Could Your Business Continuity Plan Have Survived Hurricane Irma?

September 26, 2017
Bob Stark
hurricane warning

Weather and hurricanes have dominated much of the headlines over the past month and our hearts go out to those who were impacted in any way.

If there is a business lesson to be learned from natural disasters like Hurricane Irma, it’s the importance of proper and ongoing business continuity planning (BCP), a strategy for keeping an organization operating during an unplanned event, such as an earthquake, hurricane or something else. According to a 2017 survey by CFO Research, just 33 percent of senior financial executives felt their organizations were prepared to recover from a natural disaster.

Tragedies like Irma – and Hurricane Harvey before that -- remind treasurers and financial professionals to always test and refine the effectiveness of their plans. Here are four simple best practices to never forget when testing the integrity of a business continuity plan:

Don't chase scenarios -- Very few would have predicted a scenario where tens of millions are evacuating an entire the state to escape a hurricane's potential path. In general, many Floridians’ evacuation plans are to simply drive to the opposite coast. While historically this has been an effective strategy, this scenario was different and that is the point of business continuity planning. Don't plan for the scenario – plan for the loss condition. And the loss condition is that the treasury team is unable to access the office for several days, several weeks, or possibly ever again. It doesn't matter why they can't get to the office.

Additional reading: Business Continuity Planning Guide: Why Treasury Needs a Plan B

Working remotely may not always be possible – Many business continuity plans are built around the ability to work from home, the closest coffee shop, or at worst a nearby hotel. In this case, none of those options were likely as Floridians were stuck in traffic trying to leave the state. So that leaves working from a car. This is possible with a cloud treasury management system (TMS) and a smart phone, although even then, it may not be a sustainable strategy for more than emergency treasury activities. 

Substitute treasury personnel – Effective business continuity plans will include the possibility that treasury functions need to be performed by other people for short and longer term periods. Again, the scenario (e.g. hurricane evacuation or the whole team winning Powerball) doesn’t matter. A contingency for other people from other locations continuing treasury operations must be built into planning. Again, this can be accommodated by a cloud TMS that is very well documented – ideally within the actual configuration of the system to simplify onboarding of new personnel.

Prioritize security – One of the biggest fears for chief information security officers (CISOs) is that information security practices in an emergency situation are inconsistent with the security controls implemented during normal operations. The reason for this fear is simple: if security was lesser in an emergency condition (e.g., the power or internet goes out to the head office) then opportunistic cybercriminals might be more inclined to try and exploit this scenario.

For treasury, business continuity security requirements must include:

  • Application security – What information is required for personnel to access treasury and payment systems? Is multi-factor authentication a requirement when logging in from outside the office? How are logins without appropriate credentials, requests to reset passwords, or even login attempts from suspicious locations (e.g.

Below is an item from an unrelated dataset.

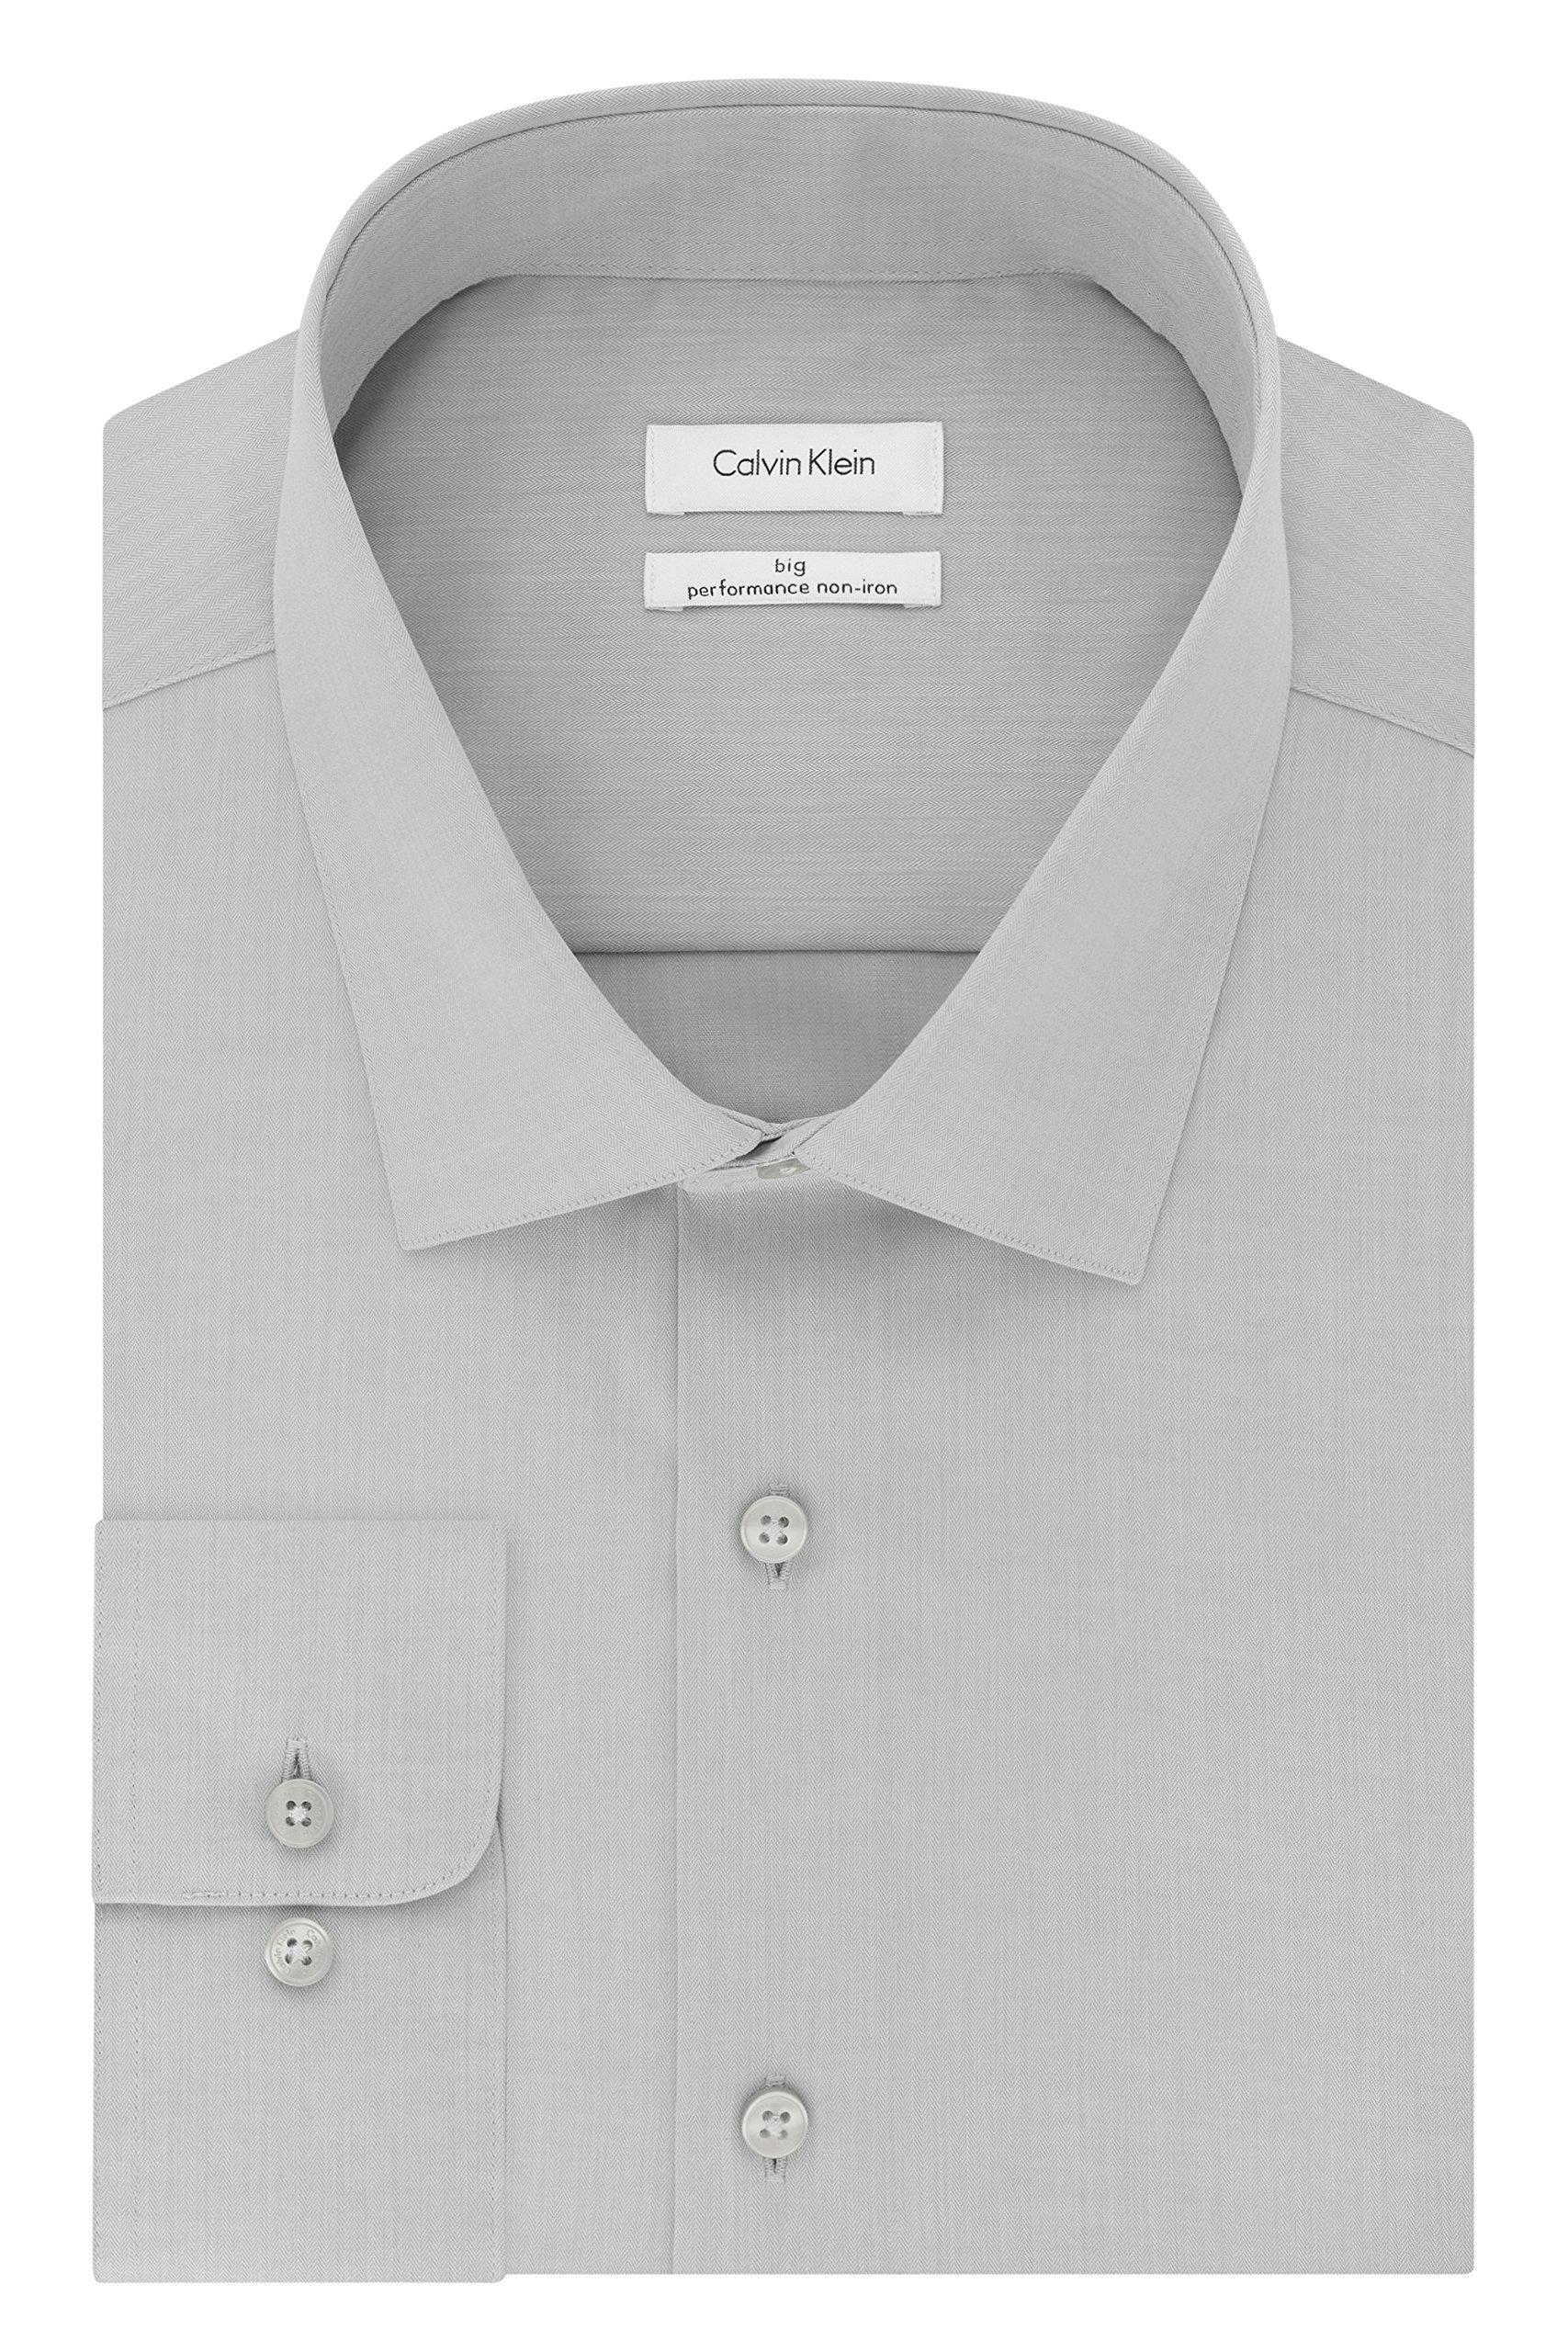 Calvin Klein Men's Big and Tall Non Iron Herringbone Spread Collar Dress Shirt, Smoke, 18'' Neck 34''-35'' Sleeve

North Korea) managed?
  • Payment controls – Payments are the biggest target for obvious reasons. Policies for initiation, approval and documentation of payments must be followed in emergency situations – for all types, amounts and geographies. Any inconsistency is ripe for exploitation by cybercriminals who test these defenses through spear phishing and other information-gathering techniques. It is also recommended to again use security options like two-factor authentication (2FA) for payment approvals.
  • Payment screening – In addition to standard payment controls, treasury teams should consider internal and external payment screening. External screening requires real-time screening of payments against sanction lists such as OFAC. Internal screening consists of real-time matching of payment details against company-defined rules, looking for irregular or suspicious payment activity. Examples could be a payment to a newly changed bank account, multiple payments that cumulatively exceed a payment limit, or supplier payments modified after import from the ERP. Screening against these possibilities and a forced workflow to resolve various threat levels is critical to preventing payment fraud in emergency situations.

Effective business continuity planning is a critical process, especially as the threat of fraud and cybercrime continues to increase. Business continuity is not just for those affected by natural disasters – human or system initiated attacks must also be considered to ensure your treasury processes, people, and information are not threatened. Treasury is too critical a process to be unavailable to the organization for any period of time.